Aerodynamic and blade vortex interaction noise characteristics analysis of electrically controlled rotor based on viscous vortex particle method

Abstract

An electrically controlled rotor (ECR), also called a swashplateless rotor, replaces a swashplate with a trailing edge flap system to implement primary rotor control. To investigate the aerodynamic characteristics of an ECR in blade-vortex interaction (BVI) condition, an analysis model based on the viscous vortex particle method, ECR blade pitch equation and Weissinger-L lifting surface model is established. In this model, the ECR wake flow field vorticity is discretized as multiple vortex particles, and the vorticity-velocity form Navier-Stokes equation is solved to simulate the transport diffusion of the vorticity.

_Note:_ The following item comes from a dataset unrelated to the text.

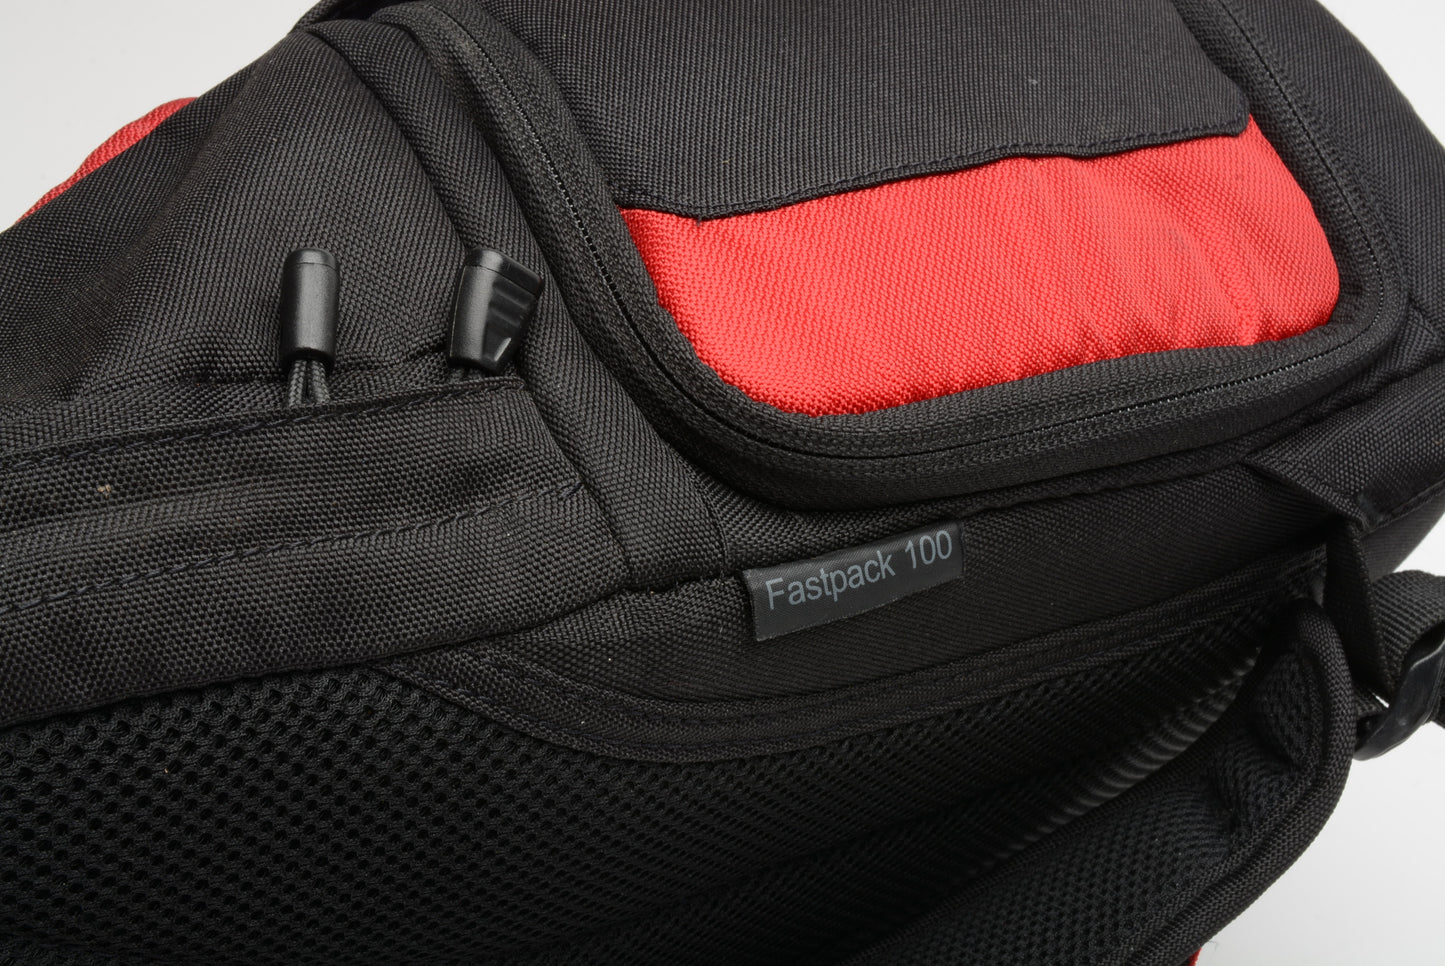 Lowepro Fastpack 100 (Red/Black) Sling Pack, very clean, lightly used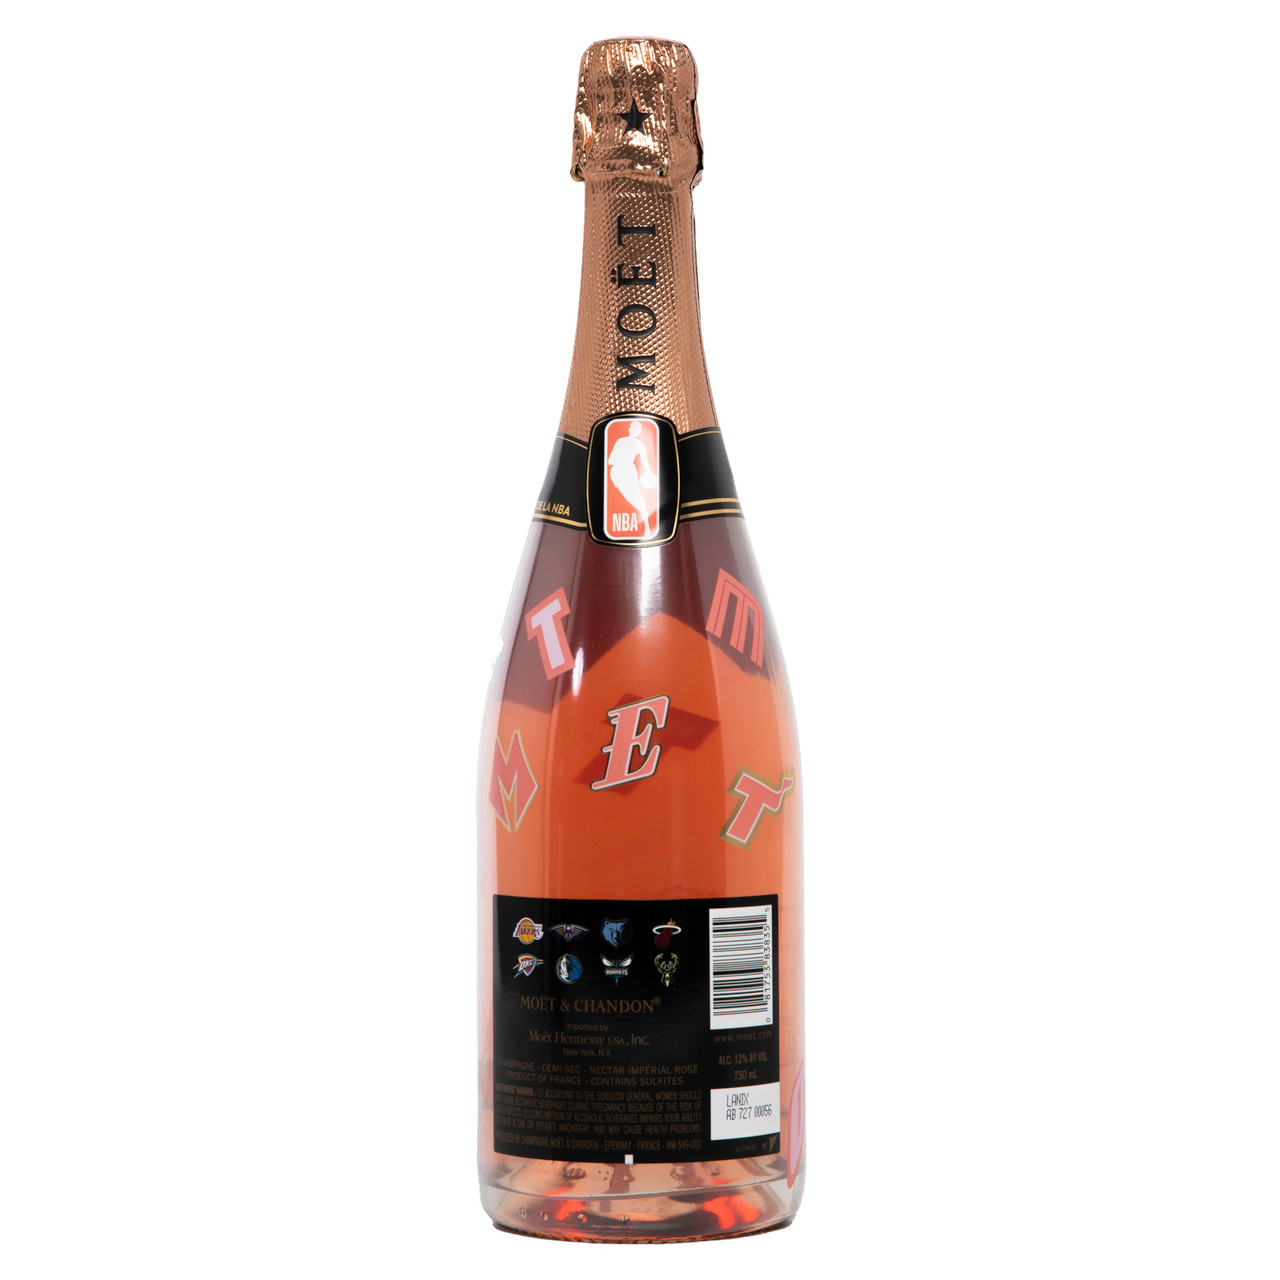 Moet & Chandon Nectar Imperial Rose Champagne  - 1.5 L bottle

The flap motion induced blade pitch movement is obtained by solving the ECR blade pitch movement equation via the Runge-Kutta fourth-order method. On the basis, BVI noise radiation of an ECR is evaluated using the Ffowcs Williams and Hawkings (FW-H) equation. Based on the present prediction model, the aerodynamic and acoustic characteristics of a sample ECR in BVI condition are analyzed. The results show that since the BVI event of the ECR on the advancing side is mainly caused by the interaction between the flap tip vortex and the blade, the blade spanwise range of ECR BVI occurrence on the advancing side is smaller than that of the conventional rotor. In addition, the magnitude of the maximum sound pressure level on the advancing side as well as on the retreating side of the ECR is also different from that of the conventional rotor, which is consistent with the difference in the airloads between the ECR and conventional rotor.